中国が崩壊するとすれば「戦争」、だから台湾武力攻撃はしない
習近平中共中央総書記 Tingshu Wang-REUTERS
中国共産党政権が崩壊するとすれば、その最大のきっかけは「戦争」だ。だから台湾政府が独立を宣言しない限り、習近平は絶対に台湾を武力攻撃はしない。軍事演習は独立派への威嚇と国内ナショナリストへのガス抜きだ。
戦争を避けるために台湾経済界を取り込む
昨年12月3日のコラム<習近平、「台湾統一」は2035年まで待つ>に書いたように、習近平は台湾の「武力統一」はしないつもりで、2035年まで待って台湾経済界を絡め取って「平和統一」に持って行くつもりだ。

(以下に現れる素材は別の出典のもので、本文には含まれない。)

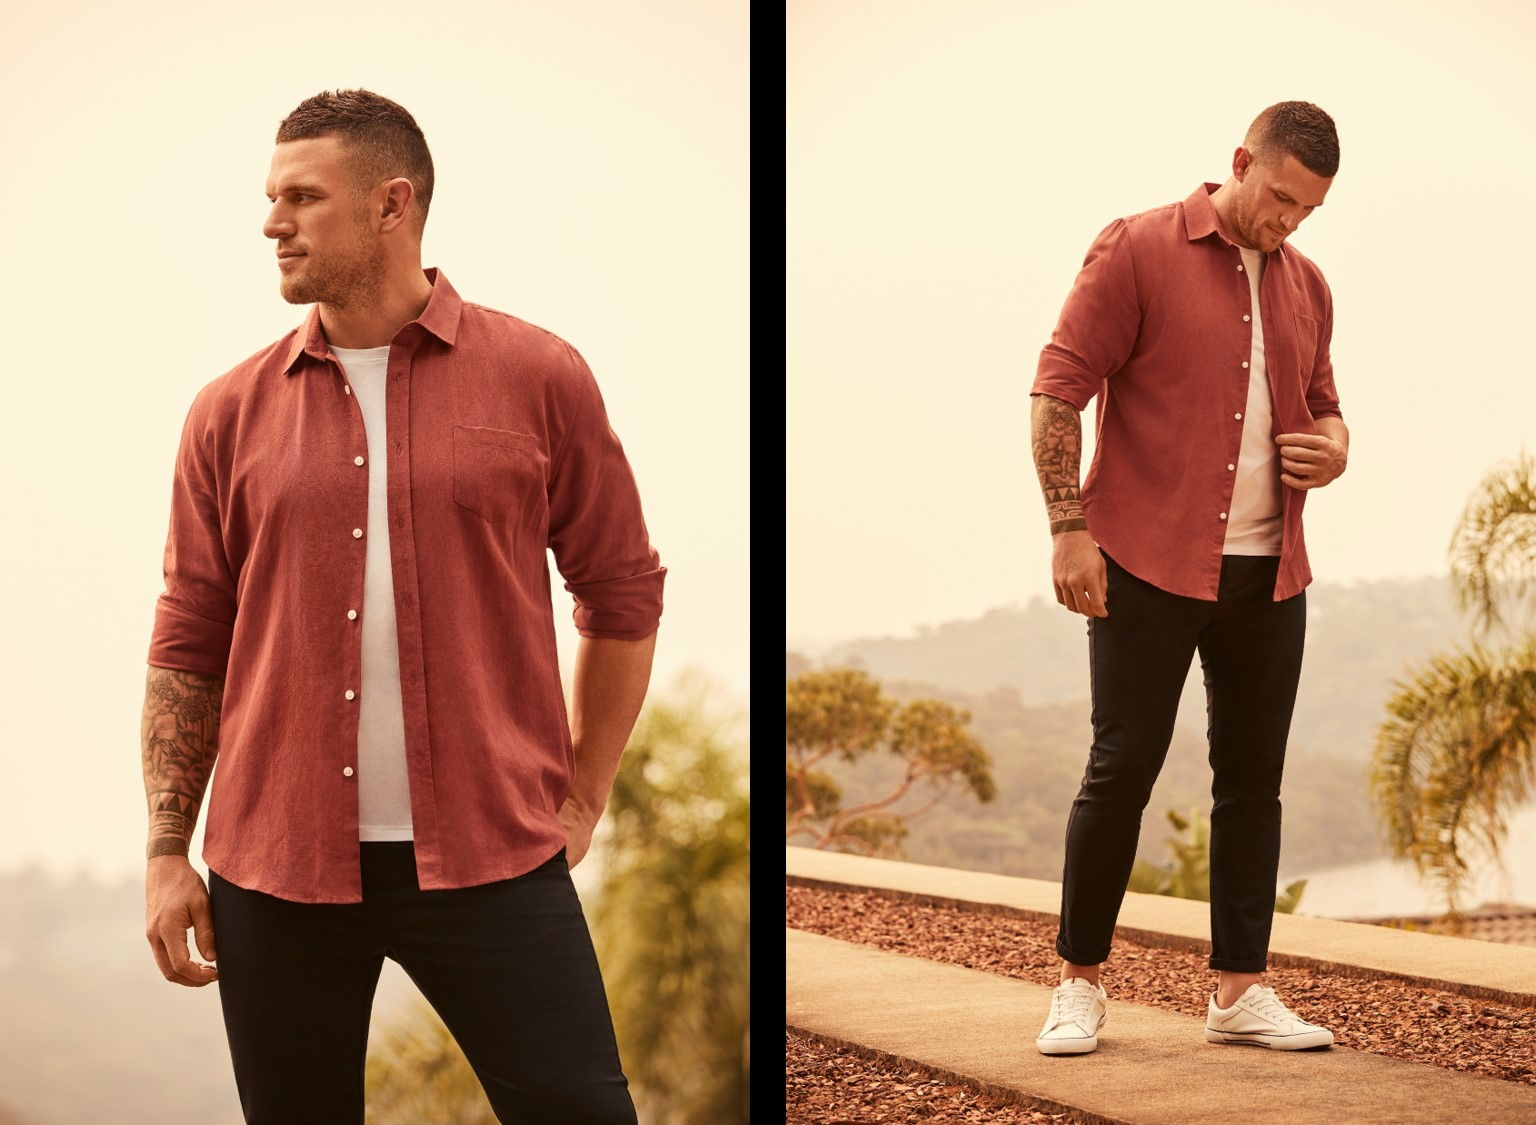 Bridge Models' Luke Burges in the Johnny Bigg Autumn Campaign 2020

2030年頃には、中国のGDPがアメリカを凌駕していて、2035年頃には少なくとも東アジア地域における米軍の軍事力は中国に勝てなくなっているだろう。だから2035年まで待つ。これが習近平の長期戦略だ。
それまでに台湾経済を絡め取っていく戦略は、独立傾向が強い民進党の蔡英文政権が誕生してから積極的に動くようになった。
以下に示すのは、中国中央行政省庁の一つである商務部が出している『中国外資統計公報 2021』から引用した「台湾の対中投資推移(1990-2020)」だ。中国語を日本語に翻訳し、かつ本稿のために説明しやすいよう矢印や政権の文字などを書き入れた。

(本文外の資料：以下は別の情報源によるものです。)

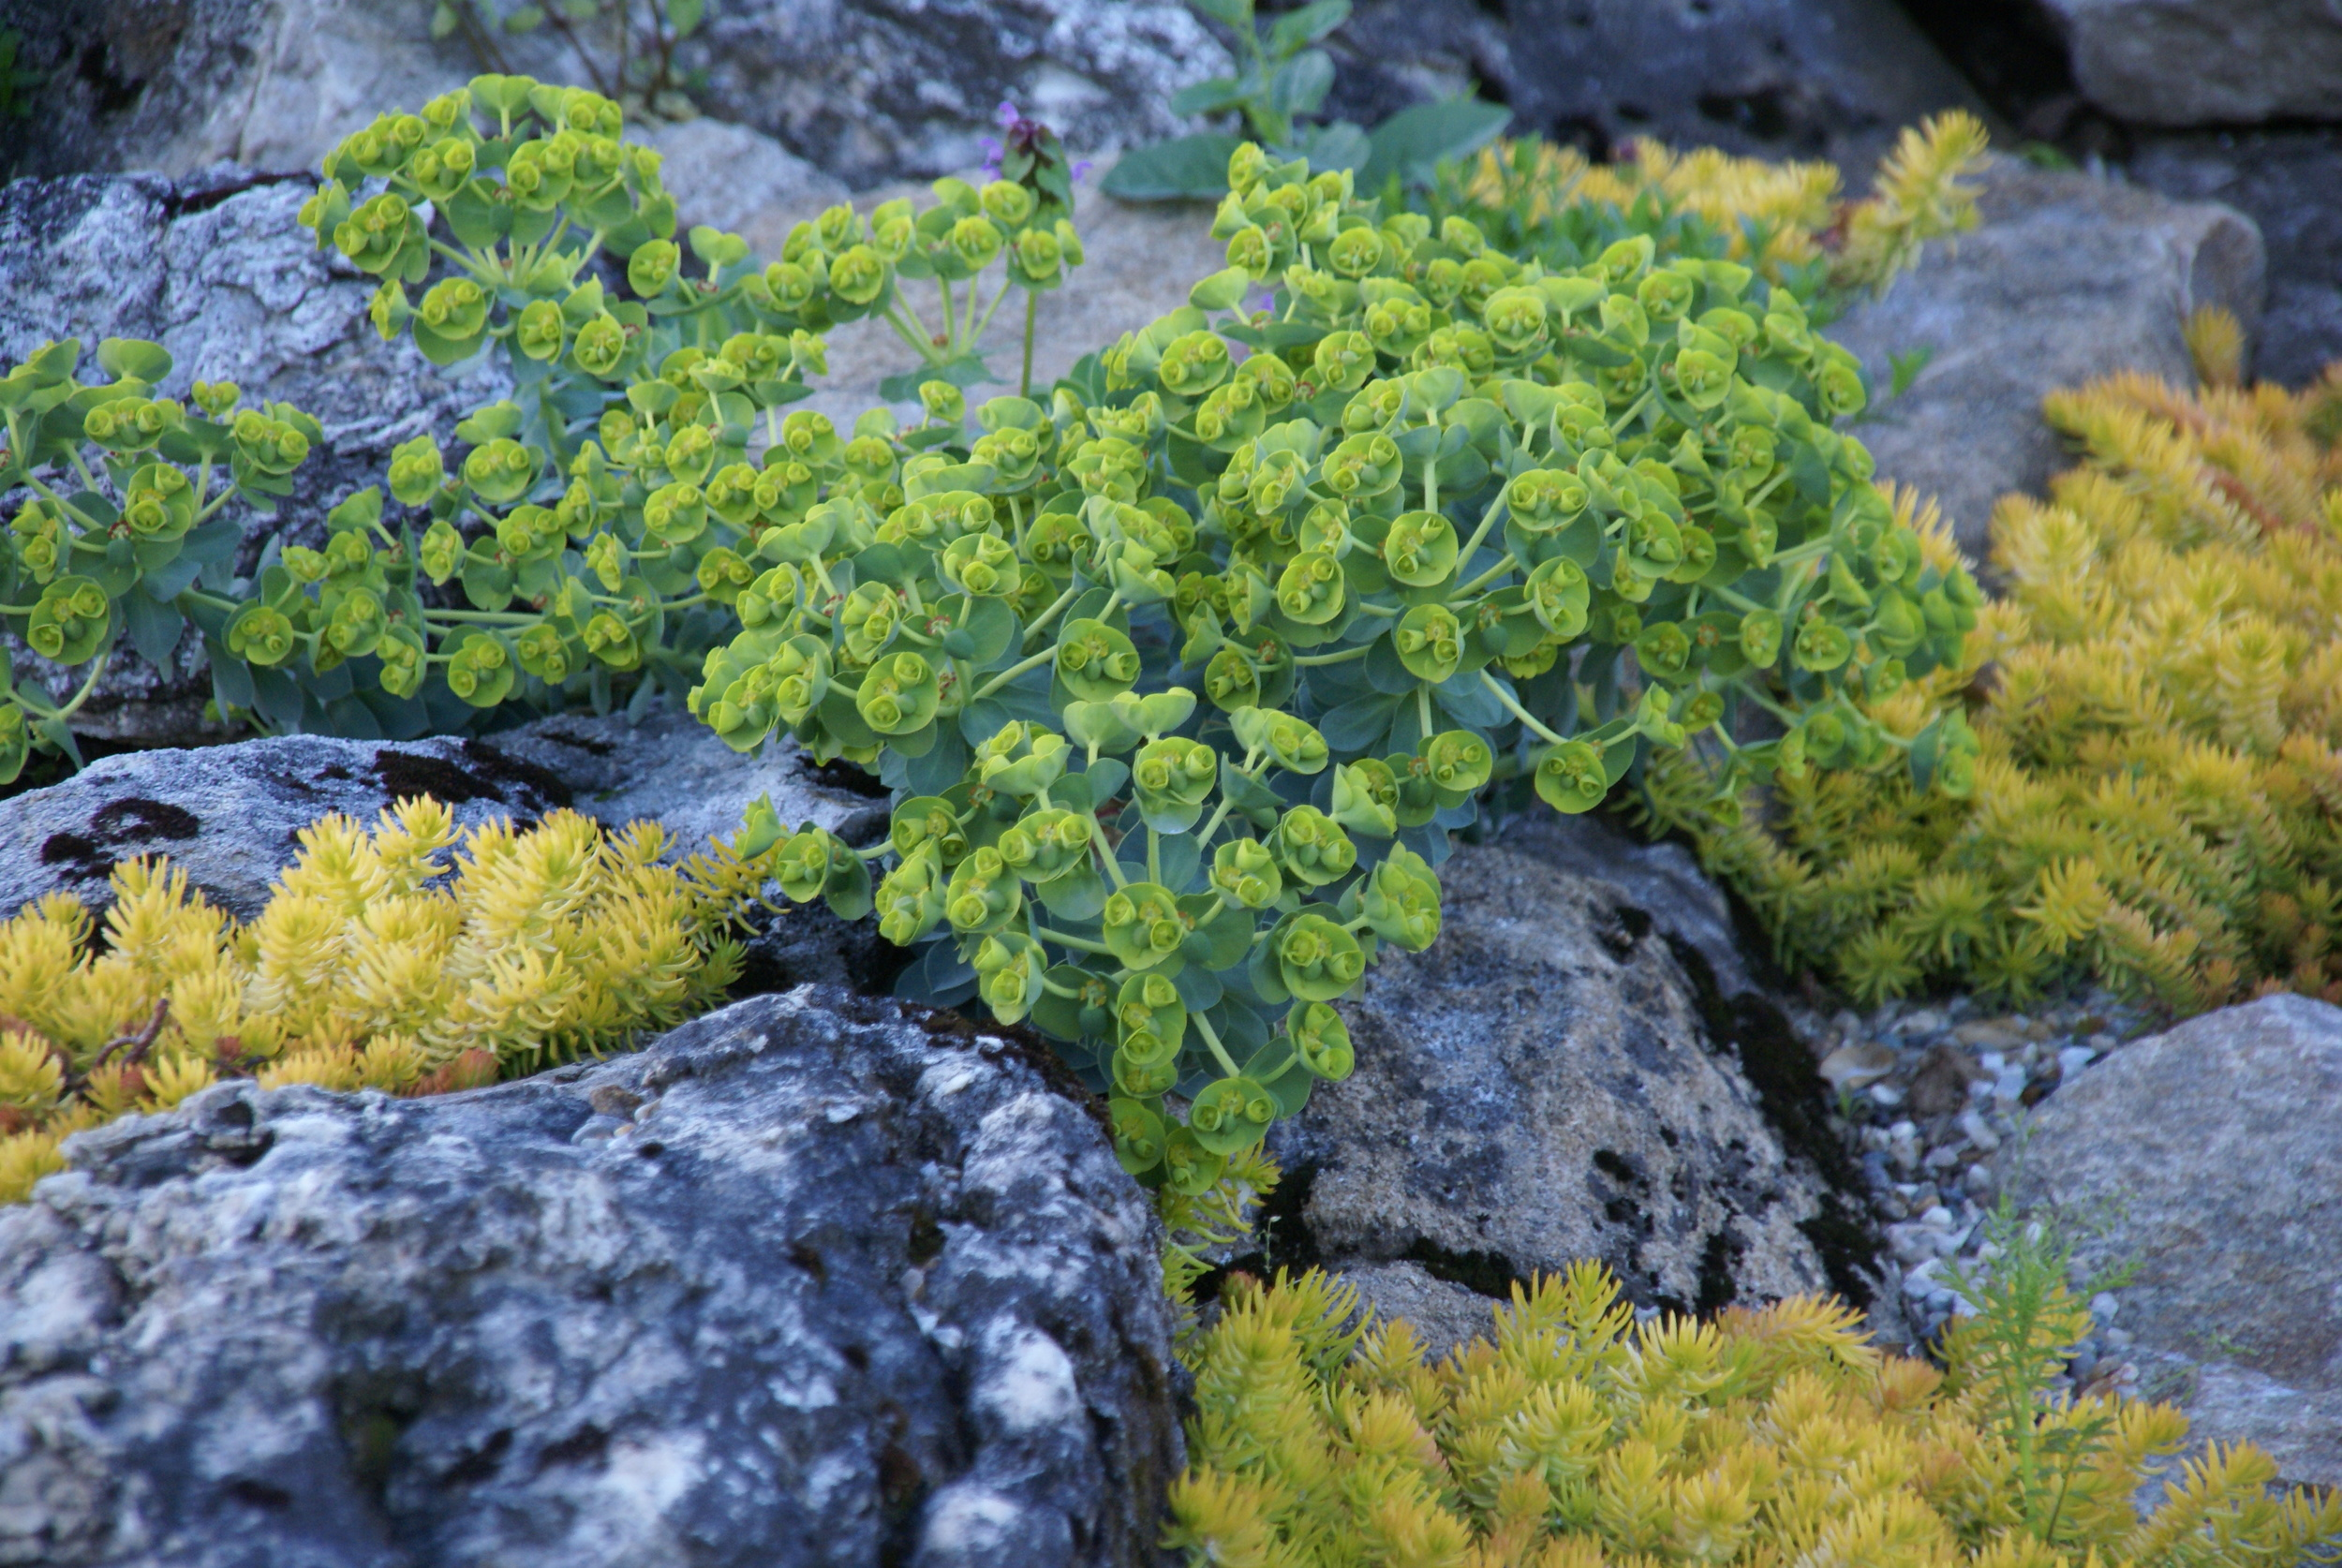 Euphorbia with sedum amid stones

中国庶務部の『中国外資統計公報 2021』を基に筆者が作成
赤い矢印で示したのは、(「一つの中国」を受け入れる)親中的な国民党の馬英九政権が誕生した年と、(独立傾向の強い)反中的な民進党の蔡英文政権が誕生した年だ。
蔡英文政権が誕生した2016年5月以降、青色で示した「対中投資をしている台湾の新規企業数」が急増していることに注目していただきたい。
日本と同様に台湾でも「政冷経熱」が加速し、少なからぬ経済界は中国大陸、北京政府の方に近づいているのである。

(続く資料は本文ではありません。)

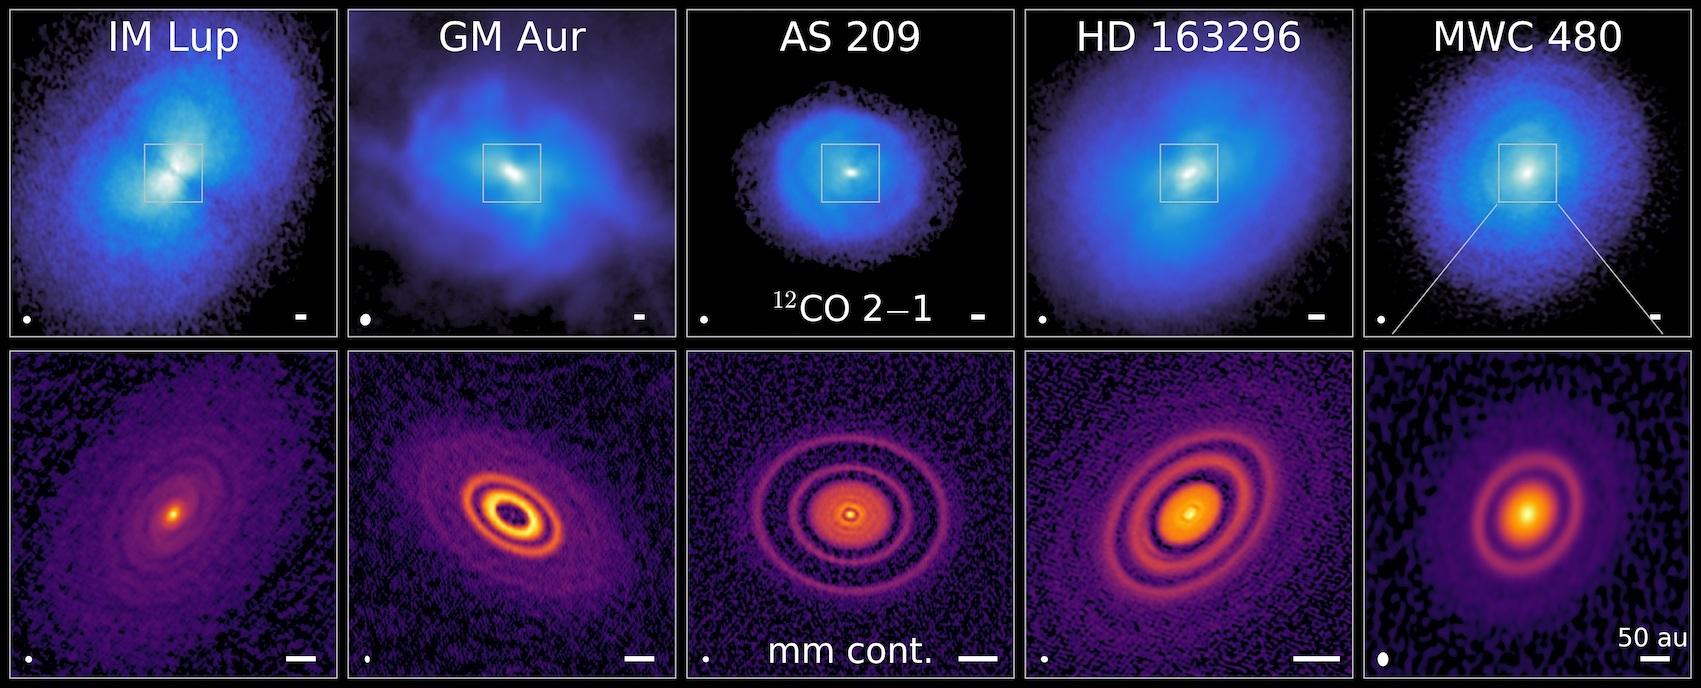 Rappresentazione dei dischi circumstellari studiati per ottenere MAPS

馬英九政権の時は、馬英九(総統)が親中的だったため、中国は必死になって経済界を大陸の方に呼び込まなくても大丈夫だったが、民進党に入ってからは、むしろ必死になって台湾経済界を呼び込まないとまずいので、その結果がデータに表れている。
もし中国軍が米軍に勝てない状況が続いた場合
万一にも何かのアクシデントで大陸の軍隊(人民解放軍)と米軍が衝突した場合、もし近い時期であるなら、まず中国軍が負けて中国共産党による一党支配体制は崩壊する。だから台湾政府が独立宣言をしない限り、近い内に中国の方から戦争を仕掛けることは絶対にしない。